Он протянул руку. И я после секундного колебания пожала ее.
13
Так я и познакомилась с Томасом Лейбницем. Не знаю уж почему, но Ренетт пришла в ярость из-за того, что я общалась с ним, и до конца фильма на меня дулась. Хауэр сунул Кассису еще пачку «Голуаз», потом мы оба прокрались на свои места. Кассис закурил, а я погрузилась в размышления и лишь к концу фильма обрела способность задавать вопросы. И тут же спросила:
– Значит, эти сигареты как раз и означают, что ты «можешь достать все, что угодно»? Помнишь, как ты орал на меня?
– Ну естественно.
Кассис был явно доволен собой, но все же, пожалуй, испытывал некоторое беспокойство, несмотря на сияющую физиономию. Сигарету он держал, точно так же прикрывая ее ладошкой, как тот молодой немец. Вот только у Кассиса этот жест выглядел неуклюже и нарочито.
– А ты в обмен кое-что рассказываешь?
– Ну, мы иногда… действительно кое-что им рассказываем, – признался Кассис, самодовольно ухмыляясь.
– Что, например?
Брат пожал плечами.
– Началось все с того старого идиота с его радиоприемником. – Теперь он говорил очень тихо. – Но тогда вышло по справедливости. Нечего ему было приемник у себя под кроватью прятать! И нечего было притворяться, будто мы прямо-таки преступление совершаем, когда всего лишь подсматриваем, как во дворе маршируют немцы. В общем, иногда мы оставляем для них записки – в кафе или передаем с курьером. Иногда они через того газетчика кое-что передают нам. А иногда и сами приносят. – Кассис пытался казаться беззаботным, но я-то чувствовала, как он напряжен и взволнован. – В общем-то, ничего особенного в этом нет, – продолжал он. – Почти все боши пользуются черным рынком при отправке посылок в Германию. И вещи кое-какие домой отсылают, те, которые реквизировали, понимаешь? Так что ничего такого особенного мы не делаем, – повторил он.
Немного подумав, я неуверенно начала:
– Но ведь гестапо…
– Ох, Буаз, и когда ты только вырастешь! – Кассис вдруг рассердился, как это бывало всегда, когда я приставала к нему. – Ну что ты знаешь о гестапо? – Он нервно оглянулся и снова понизил голос. – Конечно же, с ними мы дел не имеем. Это совсем другое. Запомни: это обычная сделка. Но тебя наши дела совершенно не касаются.
Исполненная обиды, я резко к нему повернулась:
– Почему это не касаются? Я тоже кое-что понимаю!

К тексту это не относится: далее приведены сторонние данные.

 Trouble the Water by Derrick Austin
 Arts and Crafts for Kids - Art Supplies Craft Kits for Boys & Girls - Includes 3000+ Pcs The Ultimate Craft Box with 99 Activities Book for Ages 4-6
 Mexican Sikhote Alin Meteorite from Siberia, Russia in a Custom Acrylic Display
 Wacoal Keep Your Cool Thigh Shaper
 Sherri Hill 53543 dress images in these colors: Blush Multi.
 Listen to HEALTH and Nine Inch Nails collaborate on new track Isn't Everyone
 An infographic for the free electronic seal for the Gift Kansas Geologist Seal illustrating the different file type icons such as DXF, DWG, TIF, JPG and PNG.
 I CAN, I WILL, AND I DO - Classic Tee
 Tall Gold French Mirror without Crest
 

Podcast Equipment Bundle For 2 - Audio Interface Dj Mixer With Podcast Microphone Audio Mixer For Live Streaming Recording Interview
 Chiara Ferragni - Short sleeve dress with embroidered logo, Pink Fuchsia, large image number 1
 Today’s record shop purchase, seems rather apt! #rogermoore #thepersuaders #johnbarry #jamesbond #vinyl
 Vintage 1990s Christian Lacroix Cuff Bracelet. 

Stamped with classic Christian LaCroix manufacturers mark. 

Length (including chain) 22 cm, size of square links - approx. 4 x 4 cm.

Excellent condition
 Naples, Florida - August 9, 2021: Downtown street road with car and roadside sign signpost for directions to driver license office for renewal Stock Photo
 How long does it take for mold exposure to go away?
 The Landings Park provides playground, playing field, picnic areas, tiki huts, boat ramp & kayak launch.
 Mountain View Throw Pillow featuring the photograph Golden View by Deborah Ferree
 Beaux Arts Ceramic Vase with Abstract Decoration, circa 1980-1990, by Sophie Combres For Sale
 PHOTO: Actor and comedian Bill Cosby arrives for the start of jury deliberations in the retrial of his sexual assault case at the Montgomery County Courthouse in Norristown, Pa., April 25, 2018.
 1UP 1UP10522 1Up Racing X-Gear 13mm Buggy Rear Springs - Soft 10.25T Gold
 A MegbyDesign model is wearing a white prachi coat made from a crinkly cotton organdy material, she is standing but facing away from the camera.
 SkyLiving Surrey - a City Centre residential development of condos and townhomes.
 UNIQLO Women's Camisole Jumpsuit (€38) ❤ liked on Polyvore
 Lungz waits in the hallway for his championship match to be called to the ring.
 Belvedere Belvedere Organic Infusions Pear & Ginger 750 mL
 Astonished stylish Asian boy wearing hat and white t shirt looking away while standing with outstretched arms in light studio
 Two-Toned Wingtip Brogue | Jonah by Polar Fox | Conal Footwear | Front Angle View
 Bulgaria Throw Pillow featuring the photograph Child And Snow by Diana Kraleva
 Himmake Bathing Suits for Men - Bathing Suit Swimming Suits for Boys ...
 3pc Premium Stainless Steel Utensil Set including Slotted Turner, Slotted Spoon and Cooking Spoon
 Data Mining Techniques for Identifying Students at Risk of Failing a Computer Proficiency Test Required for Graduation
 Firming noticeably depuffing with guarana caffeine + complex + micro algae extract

Теперь я уже жалела, что так мало рассказала тому немцу о мадам Пети; надо было добавить, что она еврейка.
Кассис нахмурился и покачал головой:
– Нет, в эти дела тебе лучше пока не соваться.
Возвращались мы в напряженной тишине из-за опасений: а вдруг мать уже встала и догадалась, что мы без разрешения уехали в город? Но дома мы обнаружили, что она пребывает в каком-то необычайно приподнятом настроении. Она ни разу не упомянула ни о запахе апельсинов, ни о «проклятой бессоннице» и ни словом не обмолвилась о том безобразии, которое я сотворила у нее в комнате. А приготовленный обед был почти праздничным: суп с цикорием и морковкой, boudin noir[35] с яблоками и картошкой, темные блинчики из гречневой муки и на десерт clafoutis[36], сочный и немного тяжеловатый, из последних прошлогодних яблок, щедро посыпанный коричневым сахаром и корицей. Мы, как всегда, ели молча, но мать на этот раз словно ничего не замечала вокруг – ни нашего настороженного молчания, ни моих спутанных волос и грязноватого лица; она даже забыла сделать замечание, чтобы я убрала локти со стола.
«Может, это апельсин сделал ее такой ручной?» – недоумевала я.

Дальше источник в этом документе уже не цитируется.